President of the Scammon State Bank
- In office 1901–1910

= David Mackie =

David Charles Mackie (January 1, 1836 – August 9, 1910) was a founder and builder of Scammon, Kansas. He was the first President of the Scammon State Bank.

==Early years==
Mackie was born near Kilbirnie, North Ayrshire, Scotland. His parents, David and Janet (Barclay) Mackie, lived and died in Ayrshire. Mackie's school days were limited, but he was especially capable in mathematics. At the age of 9, he became a trapper in a coal mine in Scotland.

==Career==
At the age of 25, Mackie was superintending engineer for the Barkip Coal & Ironstone Works in Scotland. He resigned from this position and in 1869 moved to the United States with his wife, proceeding to Hartland, Wisconsin, where his wife's uncle lived. The uncle was a farmer, and for a while Mackie engaged in farming, but that occupation didn't suit him. Through the influence of his brother, William, Mackie got a job as a machinist with the Chicago, Milwaukee & St. Paul railroad for a short time.

In 1871, Mackie accepted a position with the coal mining firm of Bennett & Turner, for whom he installed machinery in mines near Braidwood, Illinois. He then became mine foreman, and later superintendent. Here he remained until 1883, when he moved to Kansas to accept a position with the Keith & Perry Coal Company, with whom, and their successors, he remained many years, as superintendent of mines. In 1892, Mackie accepted the position of general superintendent of the mines of the Central Coal & Coke Company, which firm succeeded the Keith & Perry Coal Company, and which also absorbed the business of the Kansas & Texas Coal Company, embracing coal mines in Missouri, Kansas, Arkansas, Oklahoma, and Wyoming. He held this position until 1906, when he retired from active business, his resignation accepted on the condition that he remain the consulting engineer of the company, to which he agreed.

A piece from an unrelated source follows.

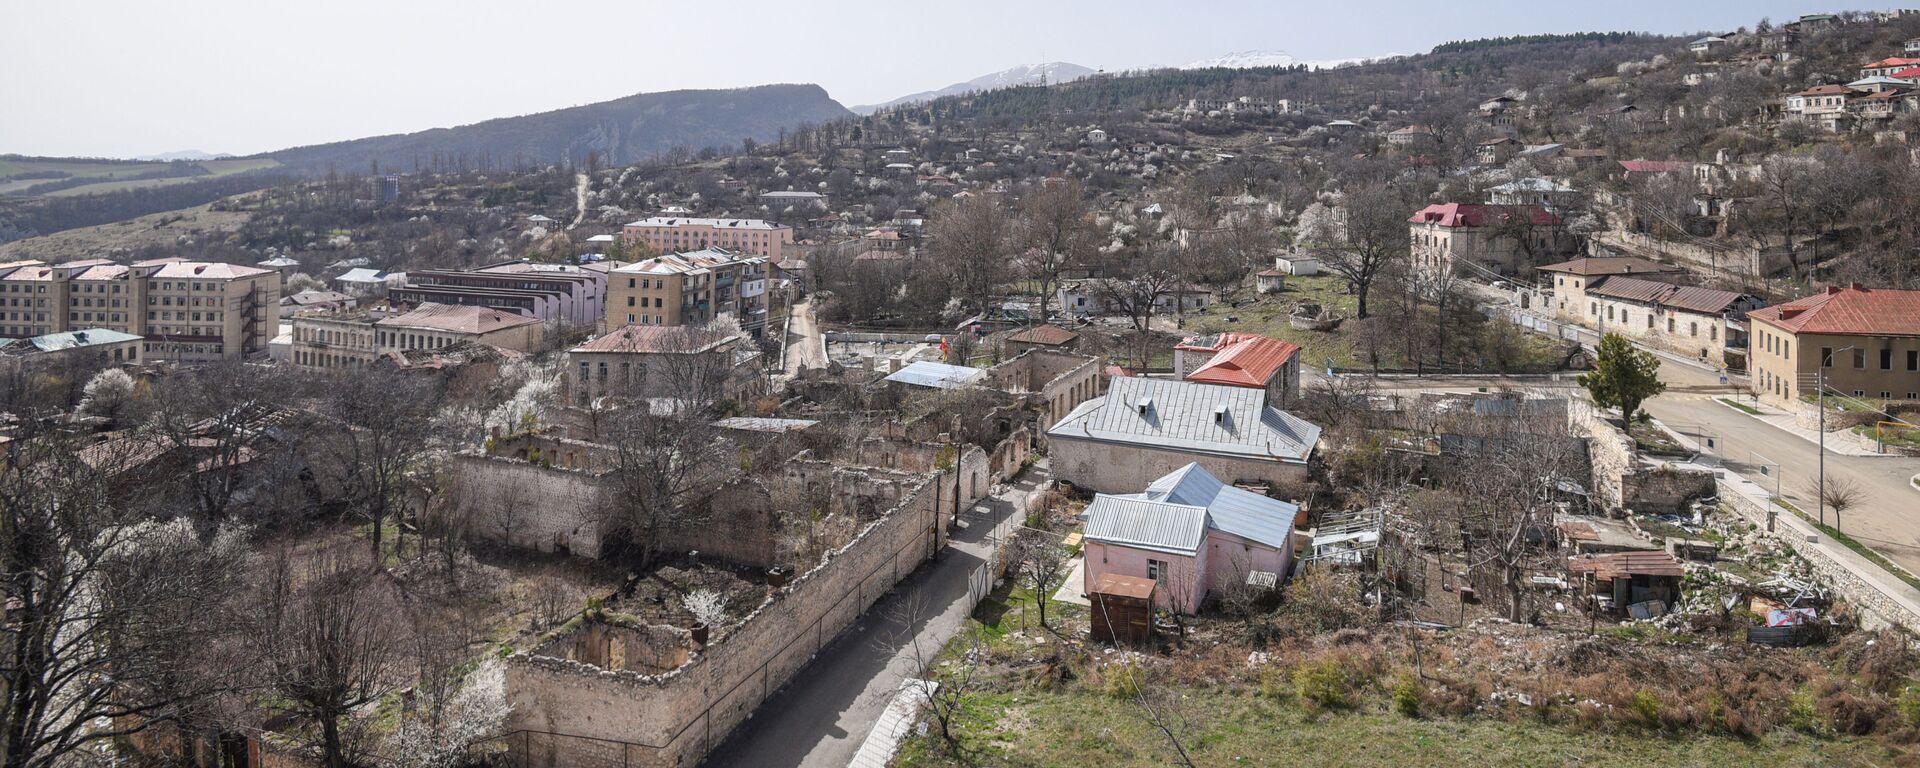 Вид на город Шуша, фото из архива - Sputnik Азербайджан, 1920, 21.09.2021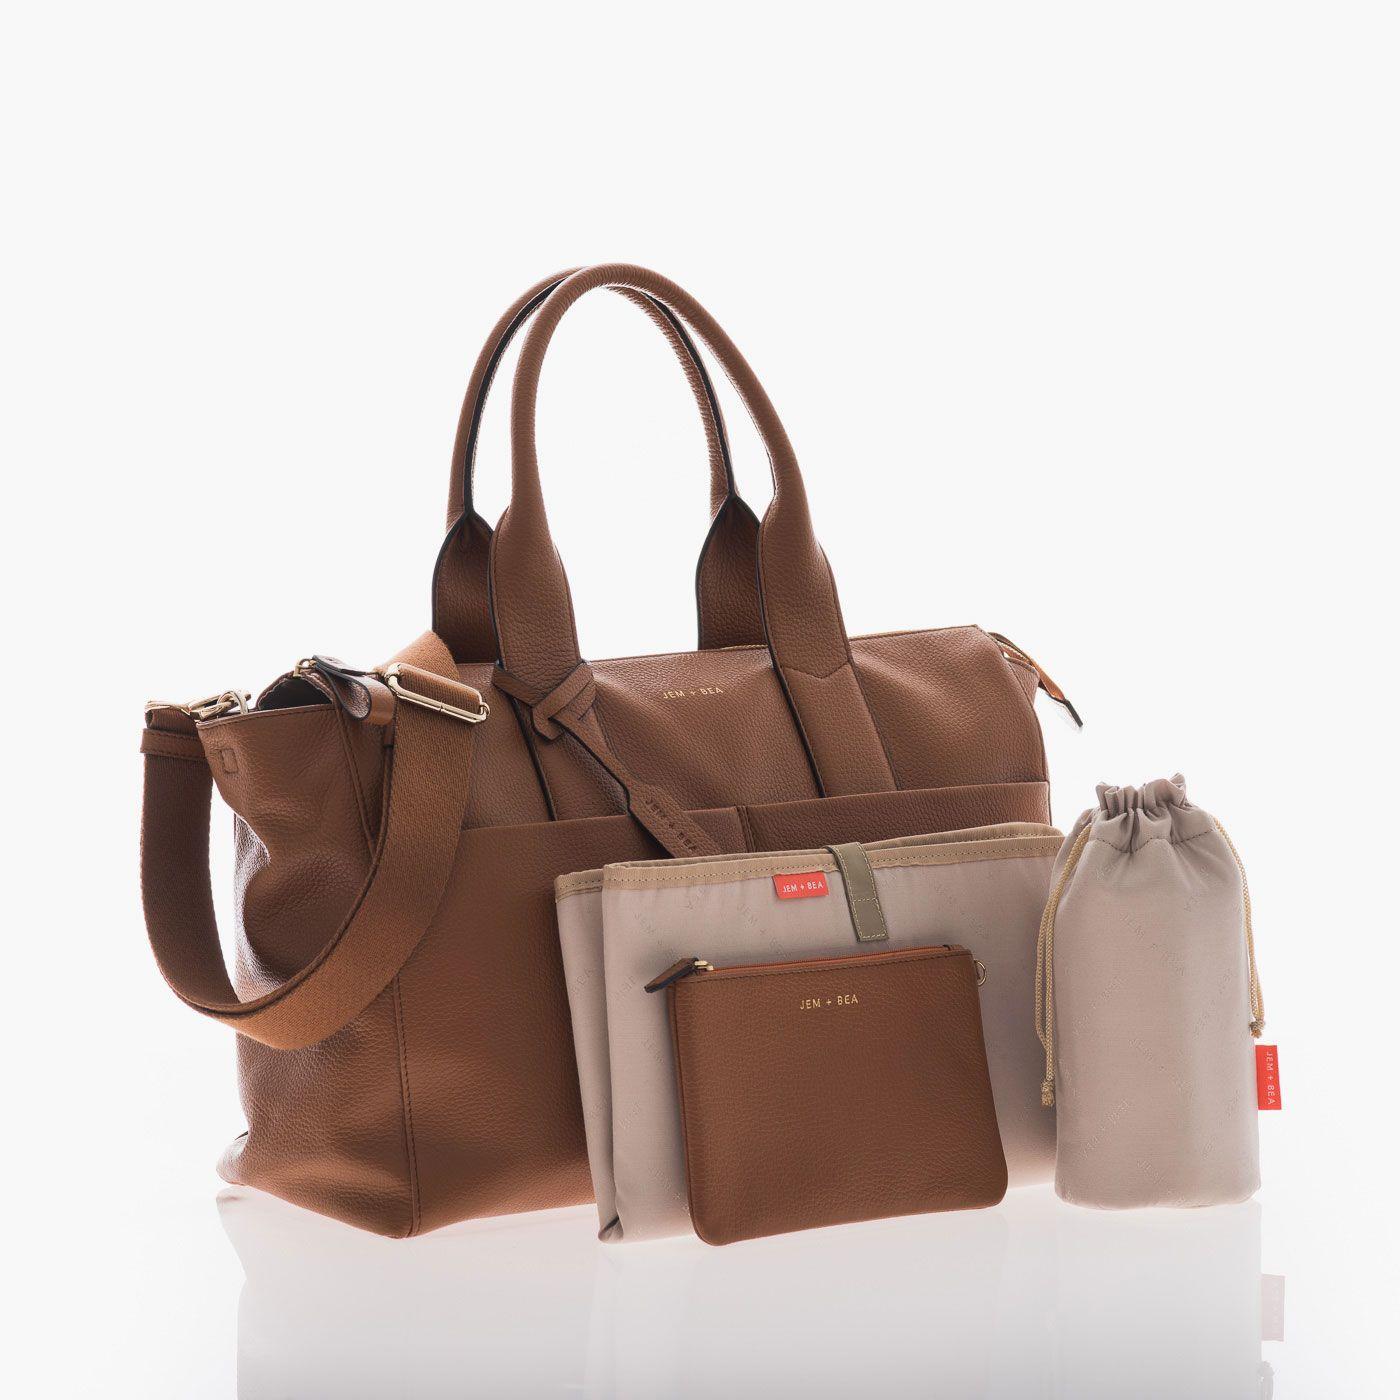 Jemima Tan Jem Bea Luxury Baby Changing Bags

In 1883, Mackie established a home in Scammon, being a founder and builder of the town. He aided in organizing the Scammon State Bank in 1901, and he became the first president of the bank, holding the position until his death.

==Personal life==
In 1860, Mackie married Elizabeth Kerr, a daughter of Thomas and Jane (Pringle) Kerr, of Dalry, North Ayrshire, Scotland. They had several children: David, Thomas, Janet, George, Jane, and John. Mackie was a 32° Scottish Rite Mason. A member of the Presbyterian church, he was an organizer of the Presbyterian church at Scammon, of which he was a trustee. He died at Scammon.